Does providing health insurance to the poor actually make them healthier? While a critical question in the long-running health care debate, the impact of health insurance on the poor has been difficult to determine as studies comparing the insured versus the uninsured typically have too many variables (income, education, health habits, etc.) to be completely successful. However, a recent study on the impact of Medicaid in Oregon provides the first rigorously controlled look at the costs and benefits of having health insurance.
This study, published by the National Bureau of Economic Research, took advantage of an unusual situation in Oregon, which decided to expand its Medicaid program by selecting 10,000 uninsured people by lottery. This allowed economists to compare those selected by lottery to receive Medicaid with those who had not been picked. Because it is considered unethical for researchers to deny coverage to some people for the benefit of a study, nothing like this had ever been done before.
In short, the findings from the first year are encouraging. The researchers found that when the previously uninsured were given Medicaid they saw doctors more often, felt more financially stable, reported better physical and mental health, and undertook more preventative health measures. For example, Medicaid coverage increased the likelihood of using outpatient care by 35% and of having a regular doctor by 55%. Women on Medicaid were 60% more likely to receive a mammogram than the uninsured group and the likelihood of people having to borrow money or skip other bills to pay for health care decreased by 40%. However, having Medicaid coverage did not reduce the number of emergency room visits and increased utilization of health care services by the insured added up to an extra 25% in annual medical expenditures, making cost still a significant factor.

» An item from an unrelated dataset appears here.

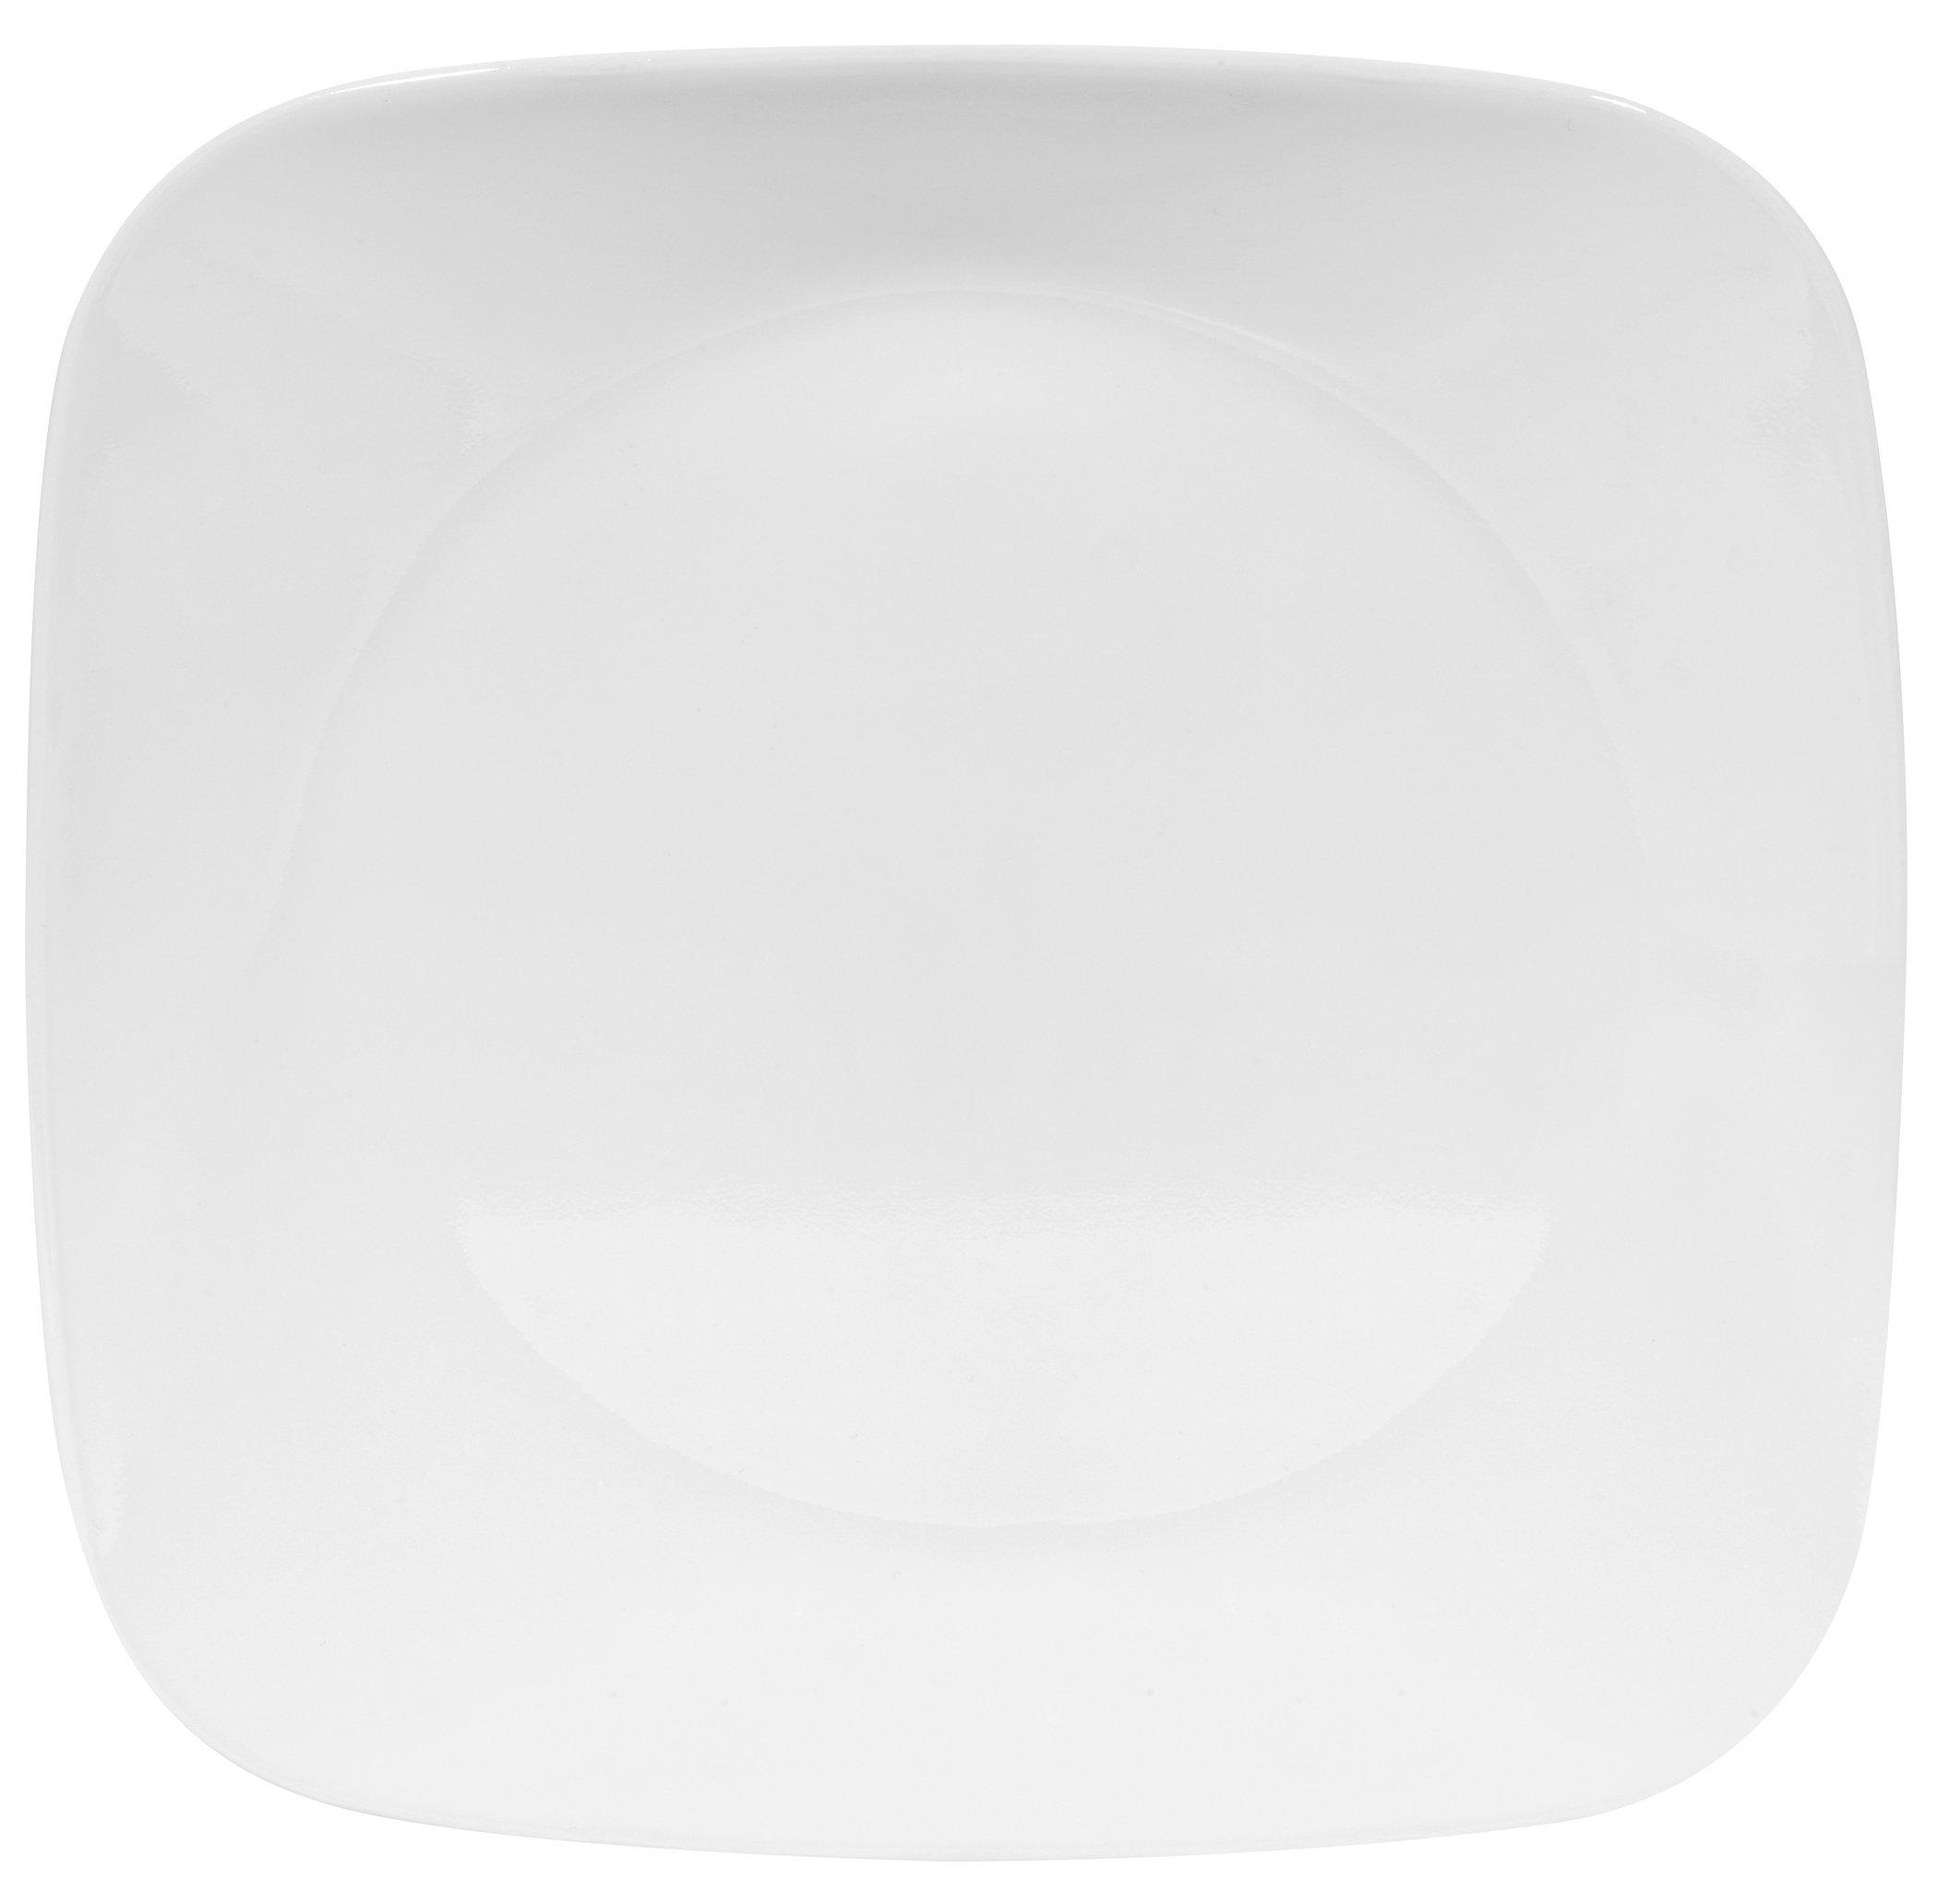 Corelle Square 8-3/4-Inch Luncheon Plate, Pure White

With the debate on the expansion of public insurance raging, this study is expected to be a strong argument for insuring the poor. However, feeling healthier doesn’t necessarily mean that people are healthier. The study also didn’t assess the quality of care for those on Medicaid, which is a frequent criticism of public insurance. The second phase of the study will attempt to answer at least one of these questions by measuring the health effects of having Medicaid versus being uninsured. The researchers interviewed 12,000 people (6,000 from each category) and measured variables like blood pressure, cholesterol, and weight. Those results will be released once they have been analyzed.

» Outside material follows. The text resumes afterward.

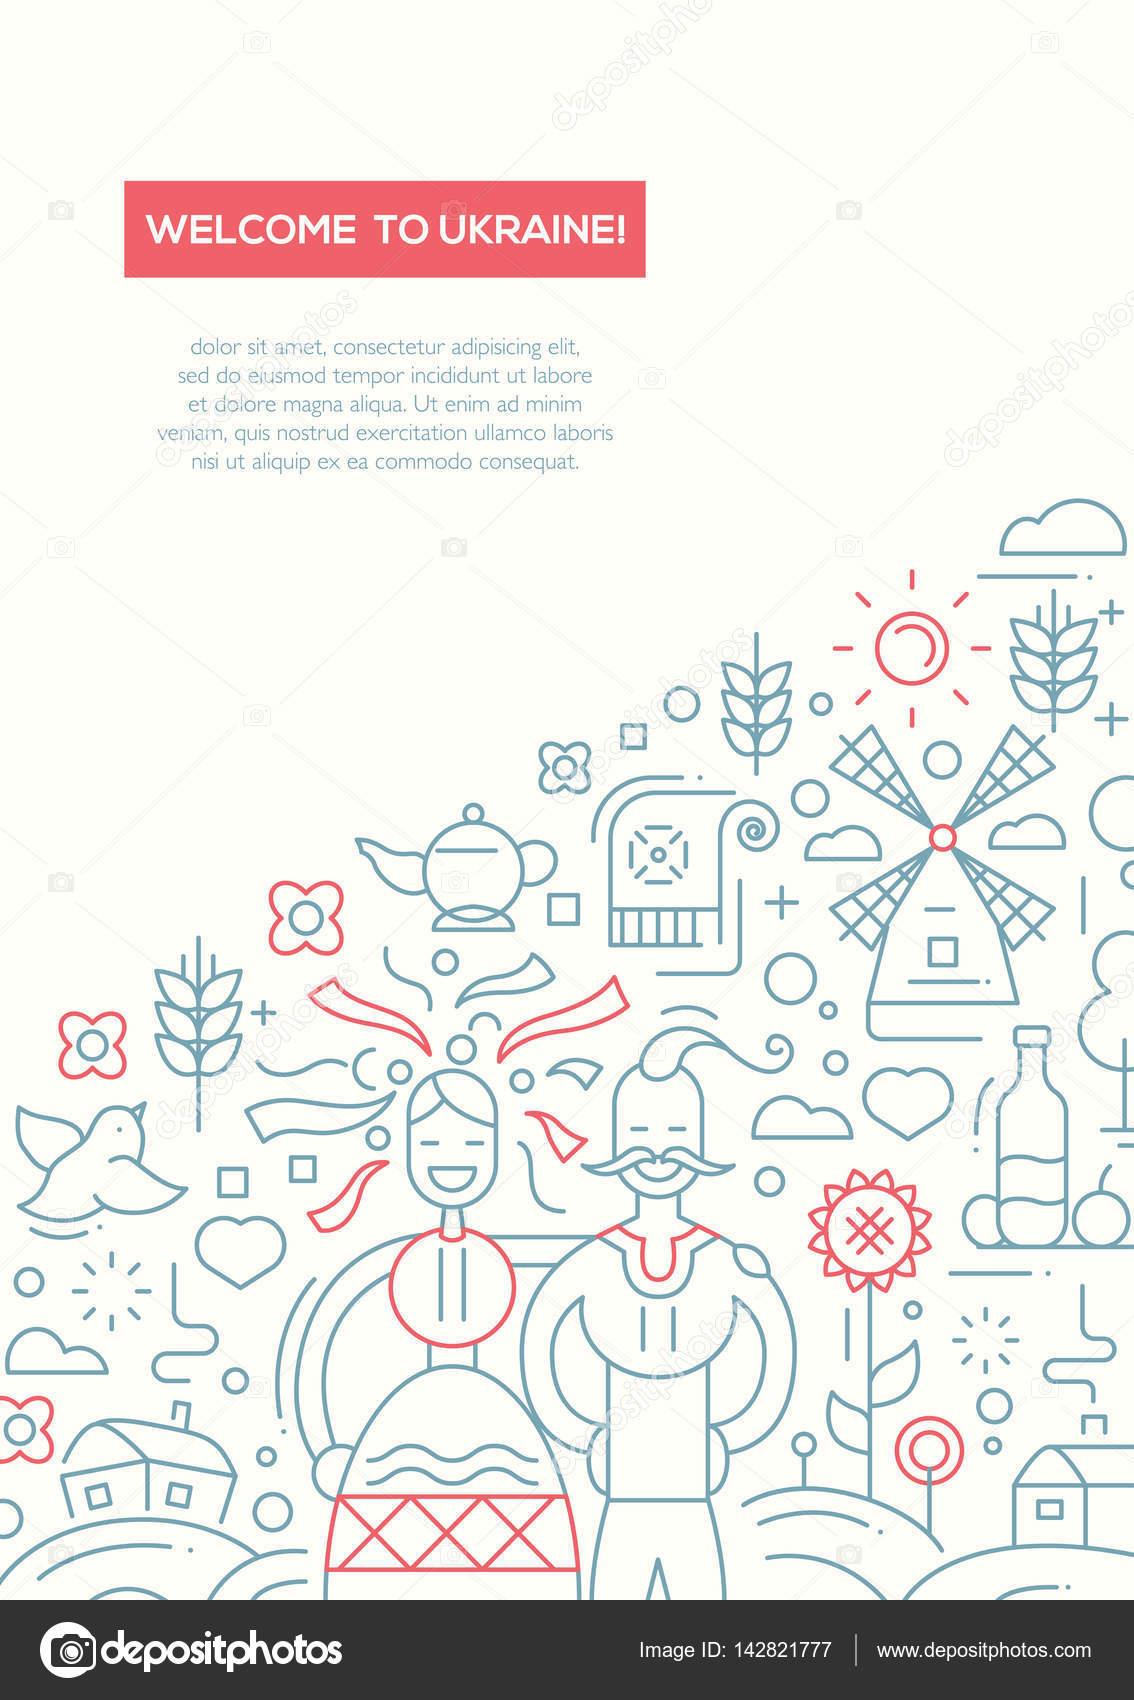 Vítejte na Ukrajině line design brožura plakát šablony A4 ...

Insuring the poor is a critical component to reducing the chronic disease burden and eliminating health disparity. Relying on “safety net” hospitals, free clinics, and charity care is not a sustainable option, nor a preferable one. However, expanding public insurance on its own is not enough. Without improving the quality of care of those on Medicaid or raising reimbursement rates so that more doctors accept it, the cycle of poor health outcomes for underserved populations will continue. As this study shows, if people are offered the option to live a healthier life they take it. This should be proof enough.